[Opening RECORDED DATA section]
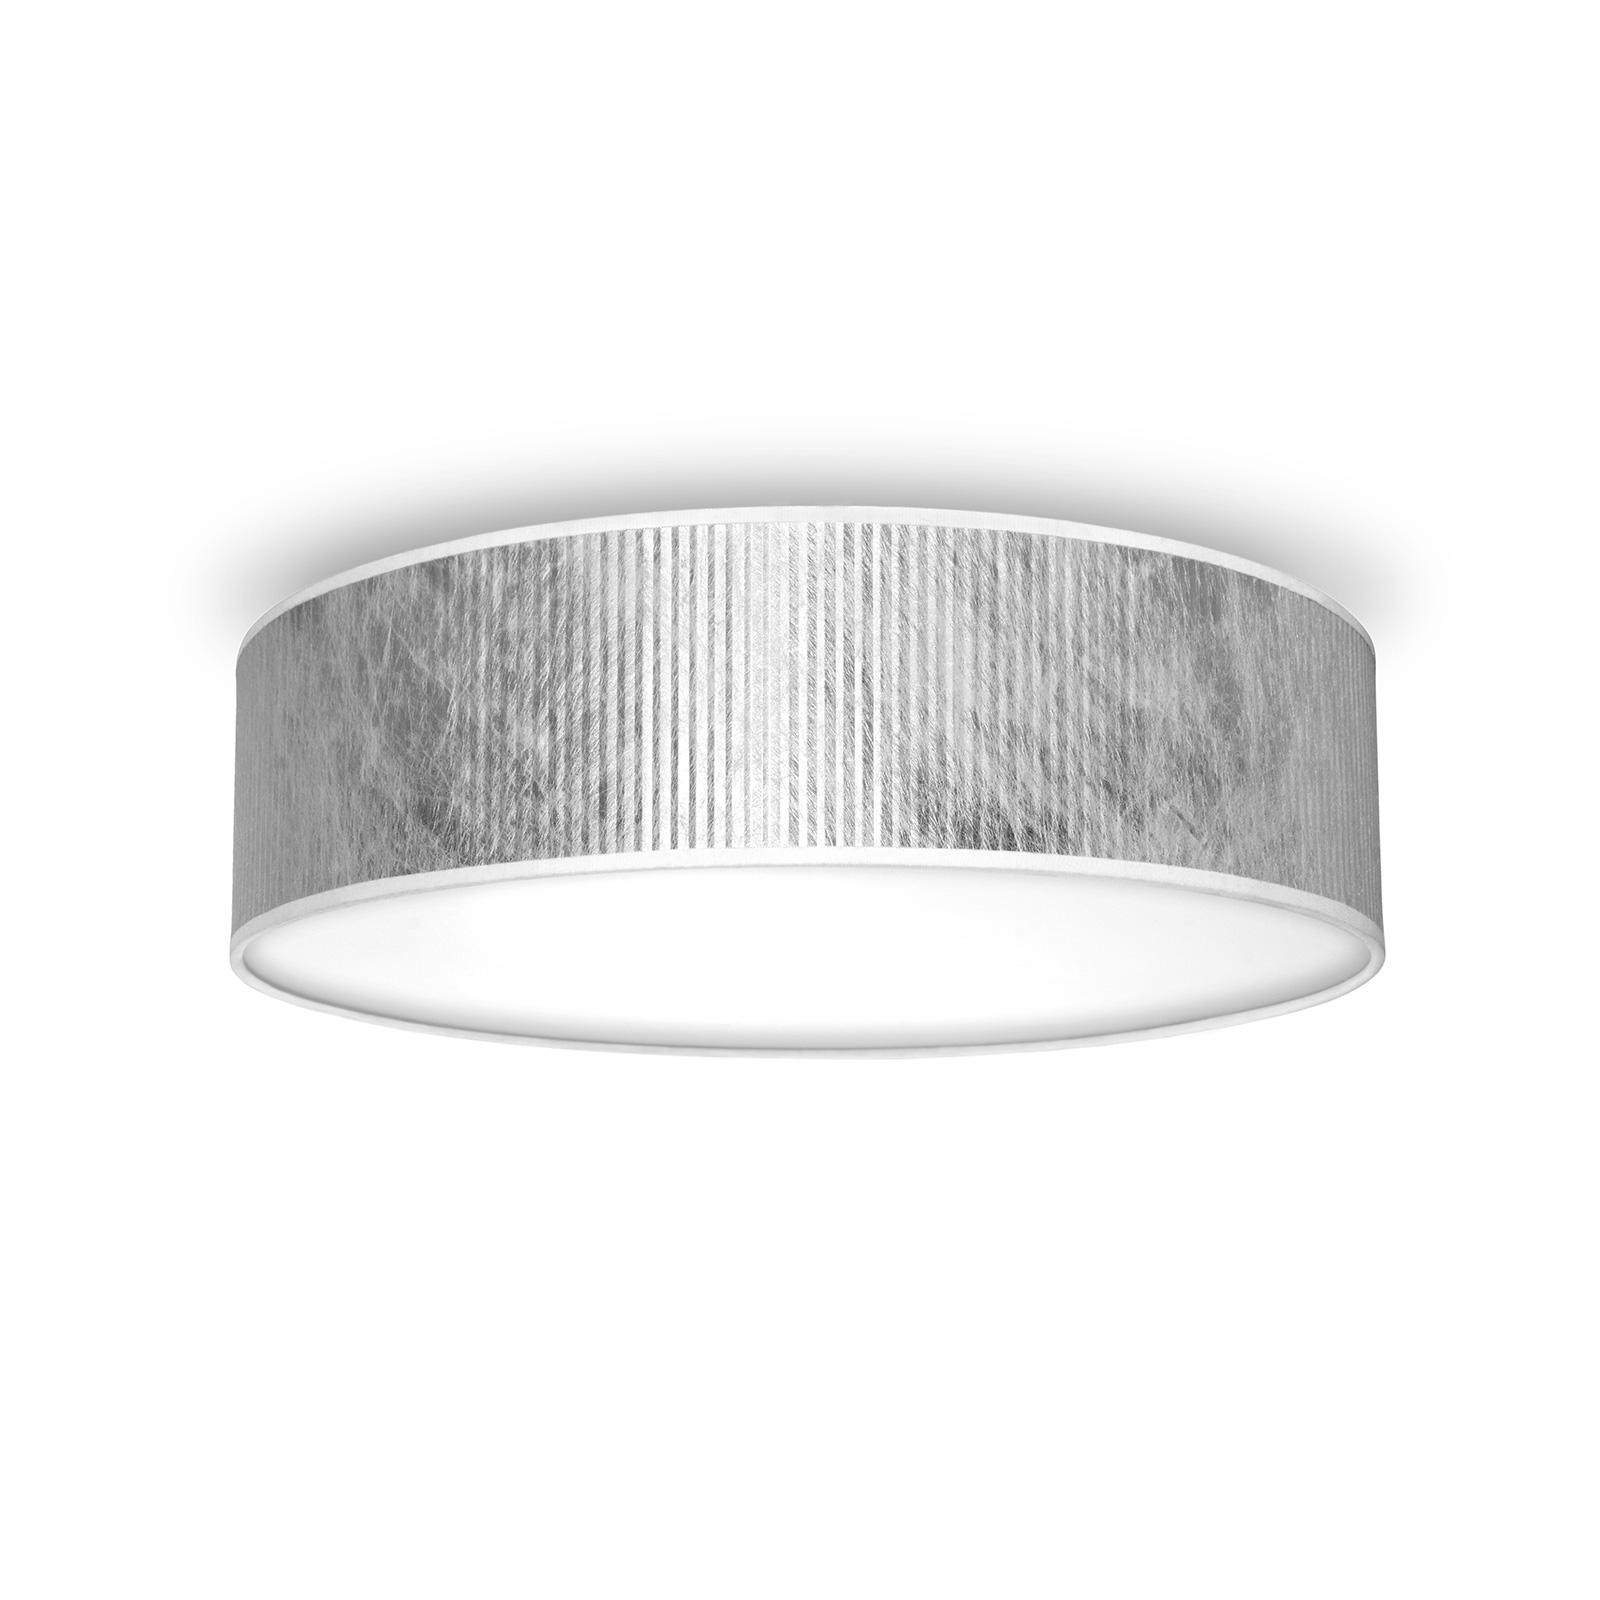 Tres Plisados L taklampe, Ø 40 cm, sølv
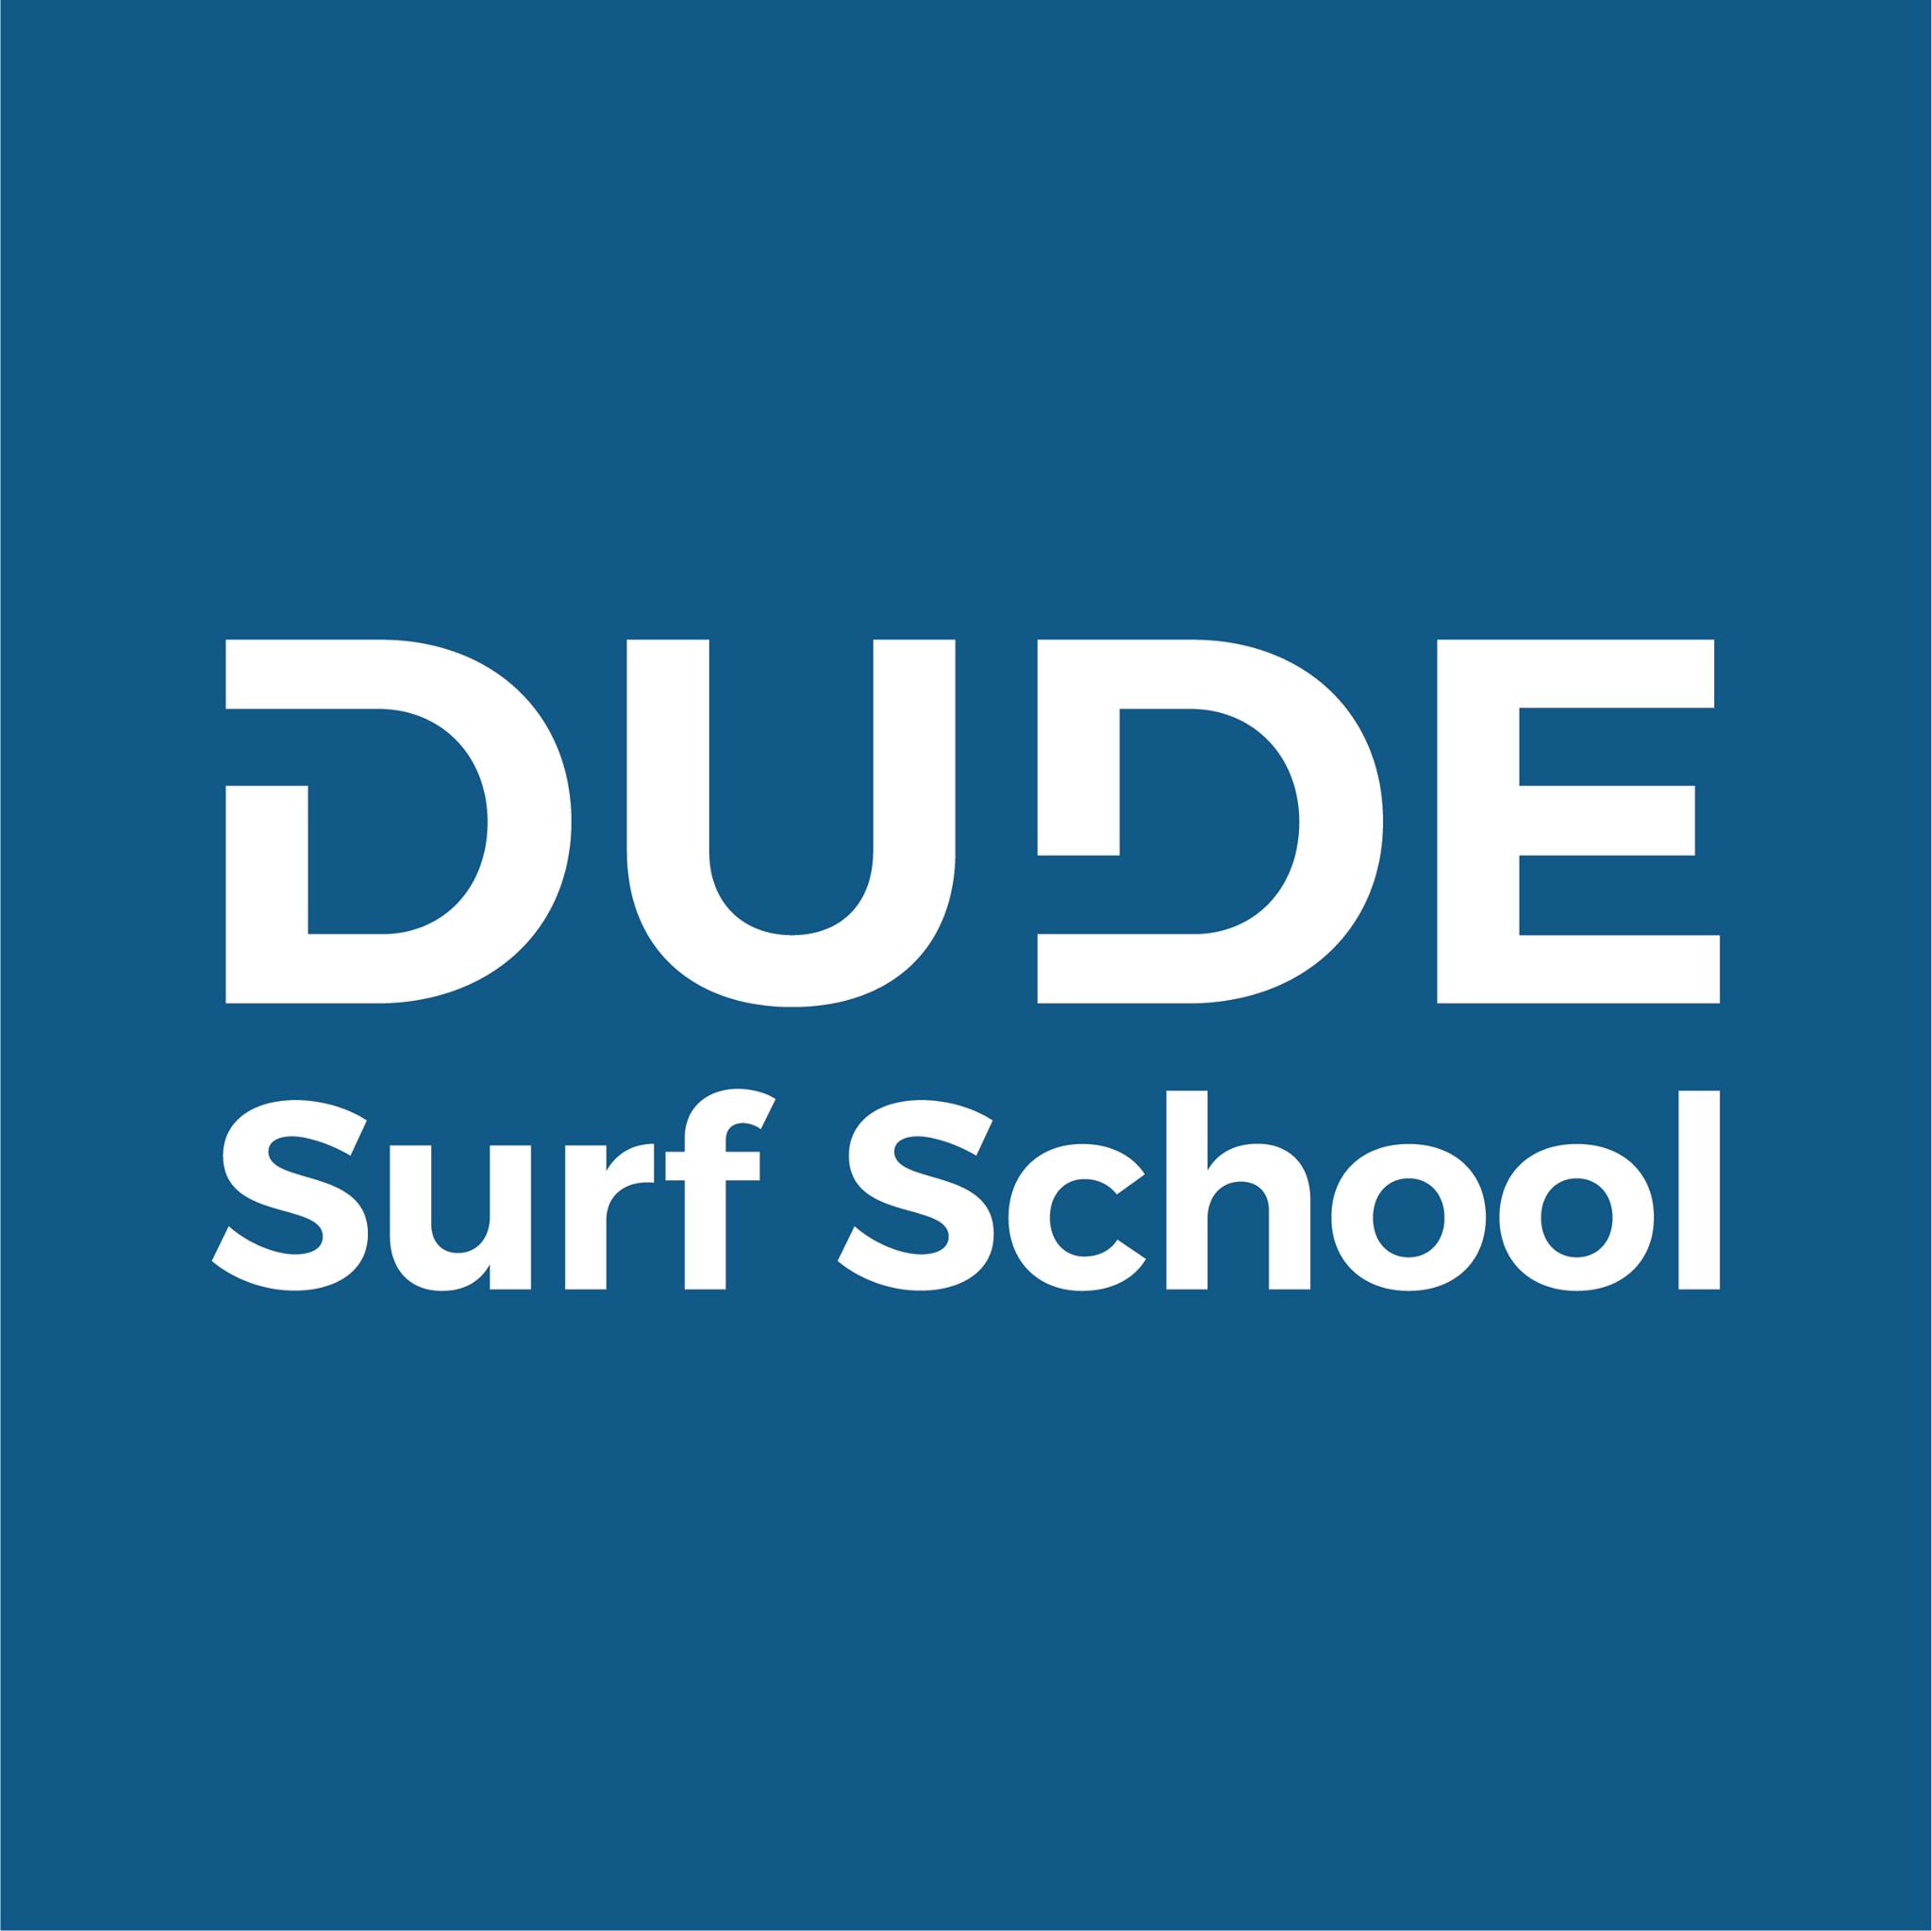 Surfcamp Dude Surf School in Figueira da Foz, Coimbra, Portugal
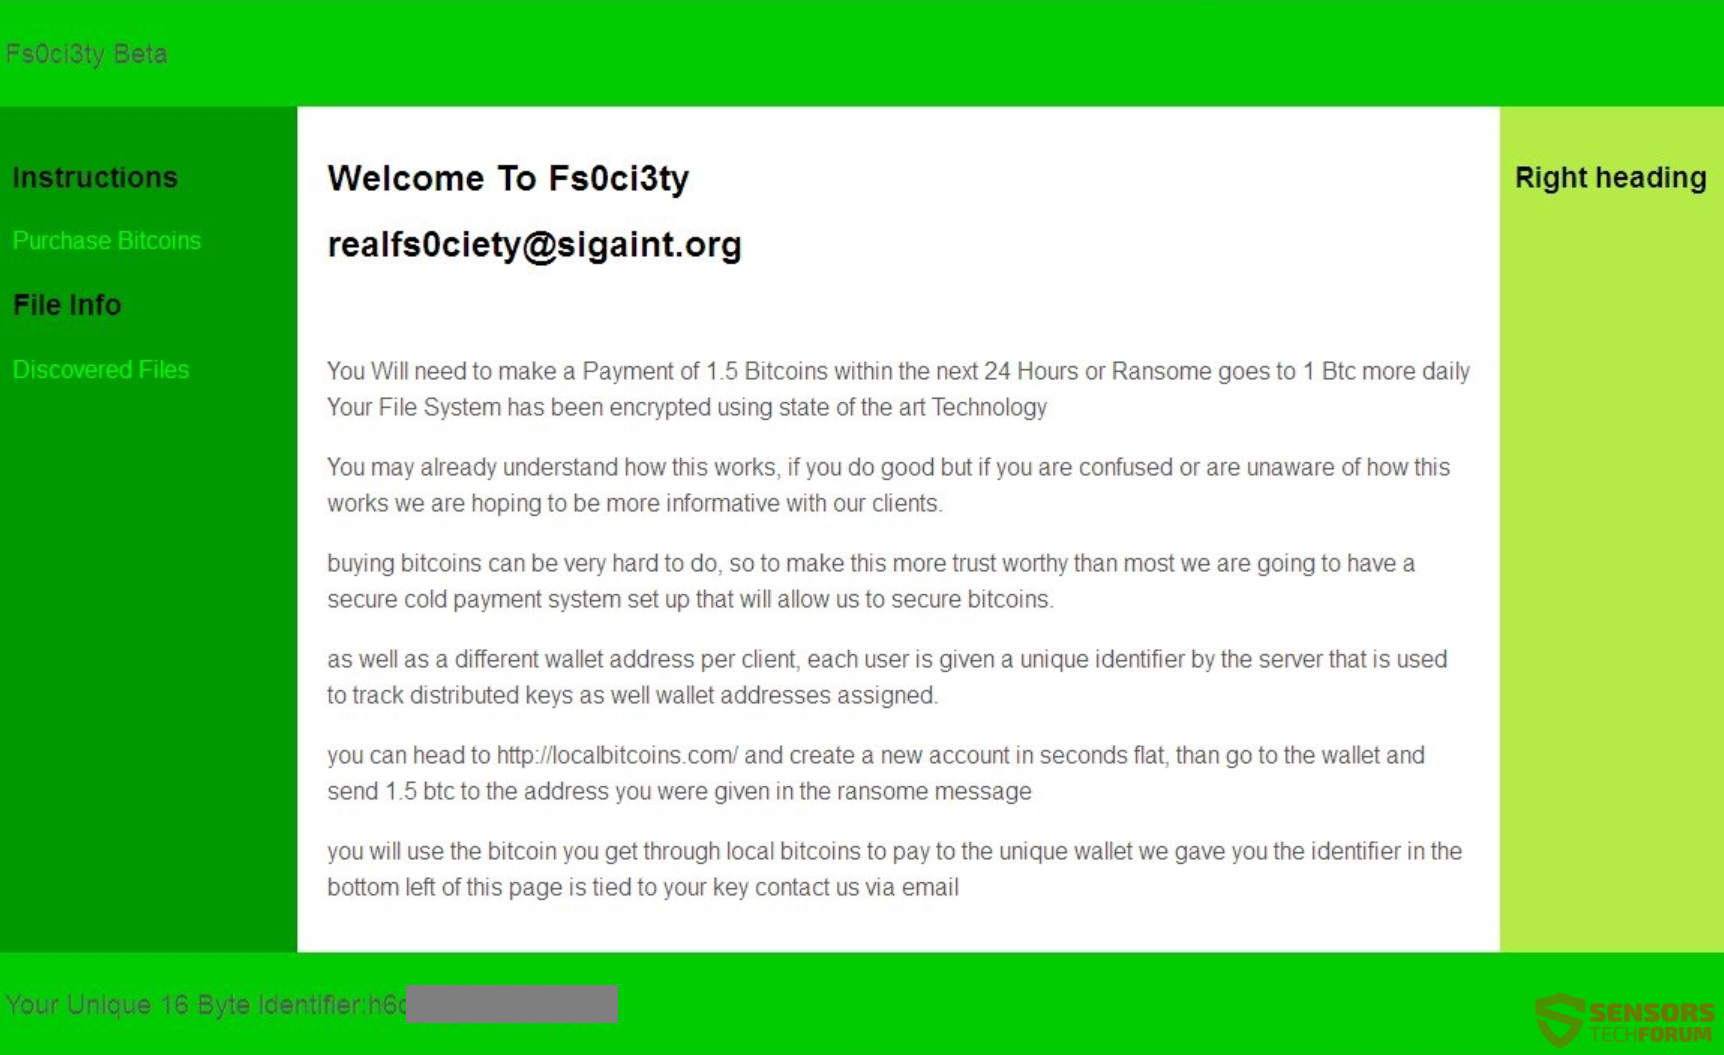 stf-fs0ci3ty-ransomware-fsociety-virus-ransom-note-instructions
[Closing RECORDED DATA section]
**WHAT THE TASK REQUIRES**
Return to the listing above and set it down exactly, leaving out its pictures.

**ANSWER TO THE PROBLEM**
 Tres Plisados L taklampe, Ø 40 cm, sølv
 Surfcamp Dude Surf School in Figueira da Foz, Coimbra, Portugal
 stf-fs0ci3ty-ransomware-fsociety-virus-ransom-note-instructions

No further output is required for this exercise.